THE DATA:
============

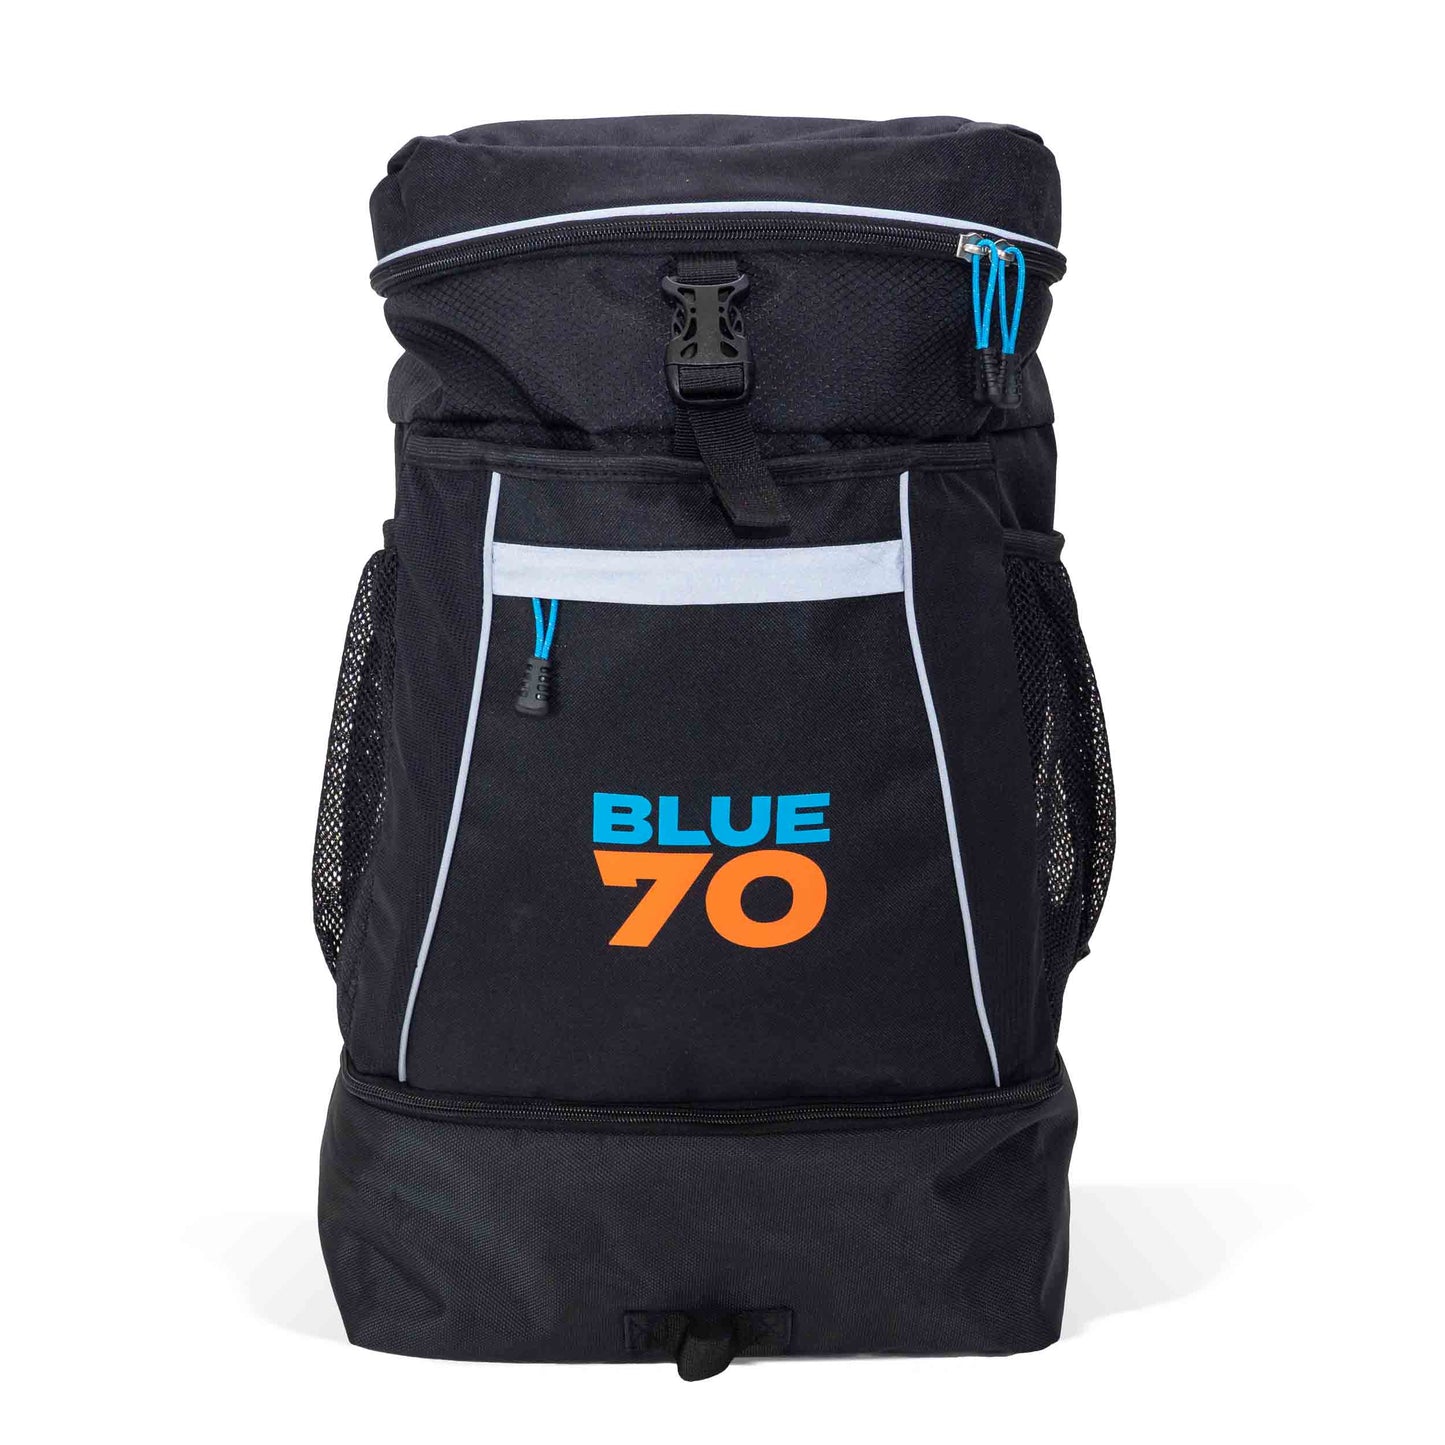 Transition Bag - the Original Backpack | blueseventy – Blueseventy usa
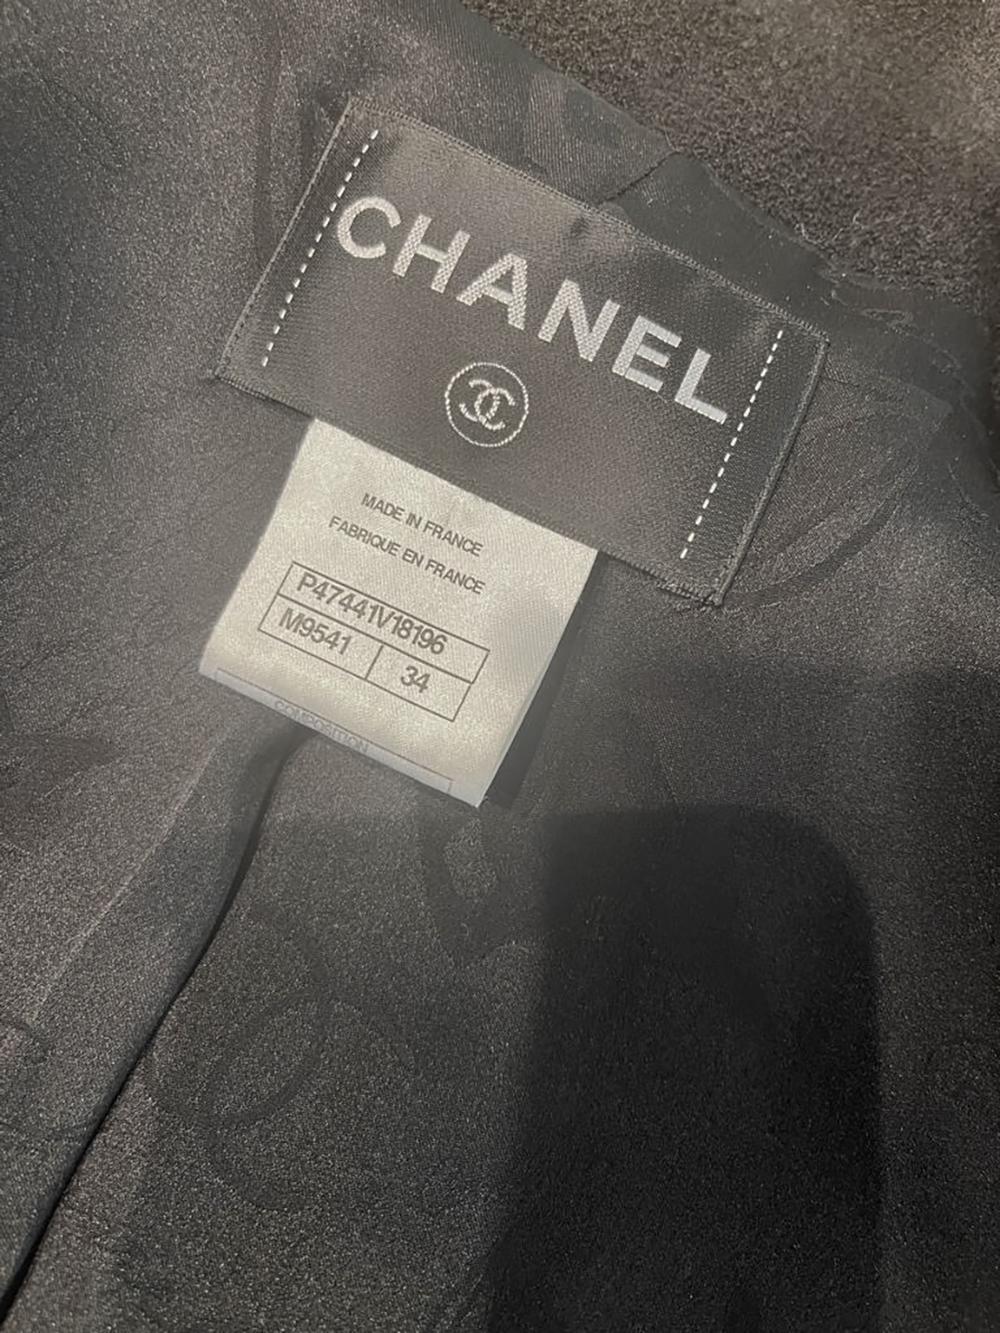 Chanel Paris / Singapore Runway Black Tweed Coat 7
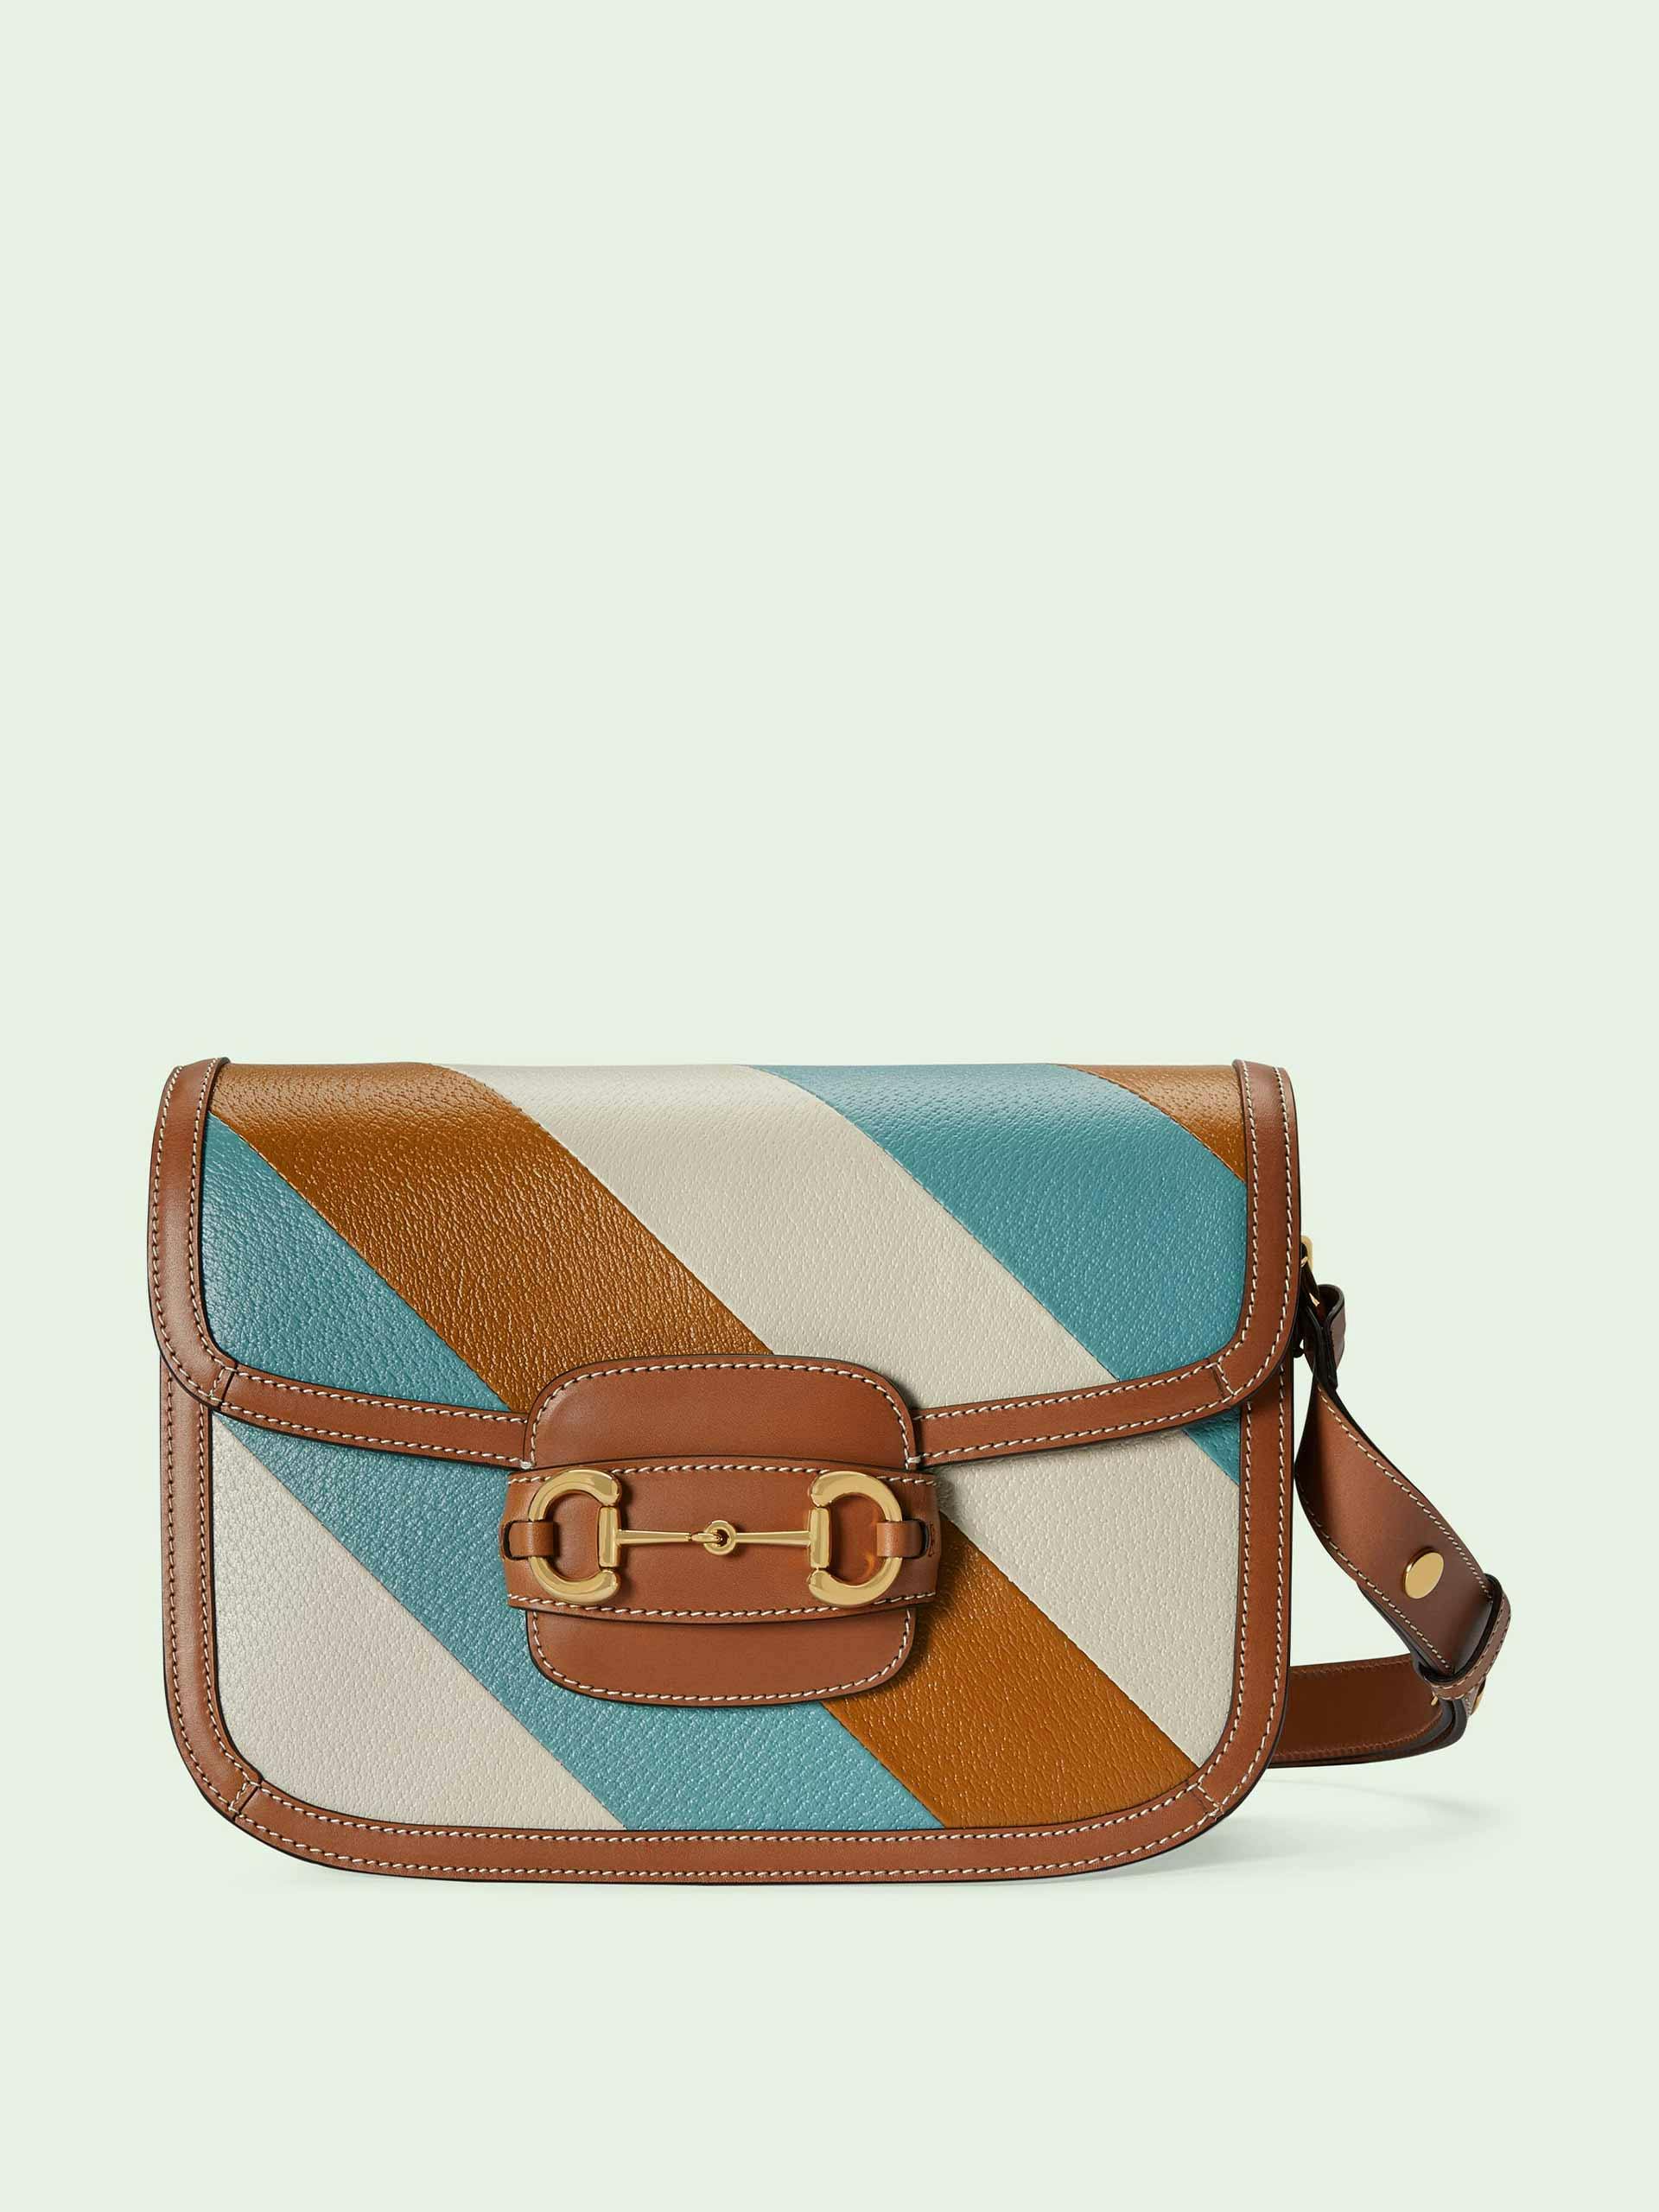 Blue and brown leather handbag
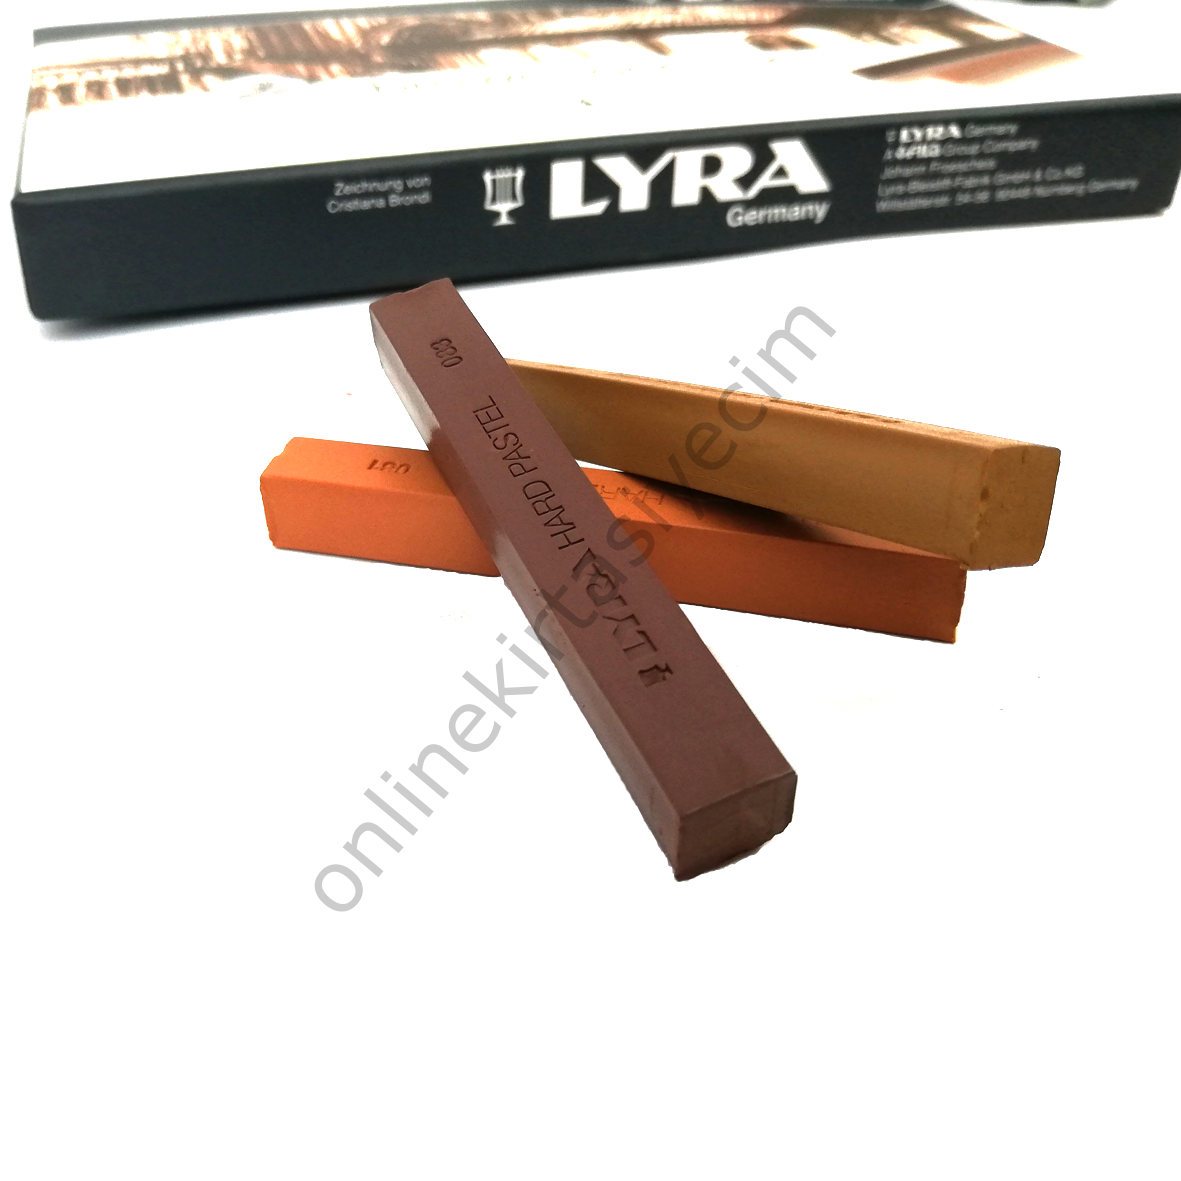 Lyra Polycrayons Toz Pastel Boya 24 Renk 5651240 Soft Pastel Boya Pastel Boya Setleri Lyra Indirimli

============

ASSIGNED TASK:
Retyped exactly, the lines from the one holding "Chanel Paris /" through the last line of the data above are the whole answer. Pictures stay out.

FINISHED EXERCISE:
 Chanel Paris / Singapore Runway Black Tweed Coat 7
 Blue and brown leather handbag
 Lyra Polycrayons Toz Pastel Boya 24 Renk 5651240 Soft Pastel Boya Pastel Boya Setleri Lyra Indirimli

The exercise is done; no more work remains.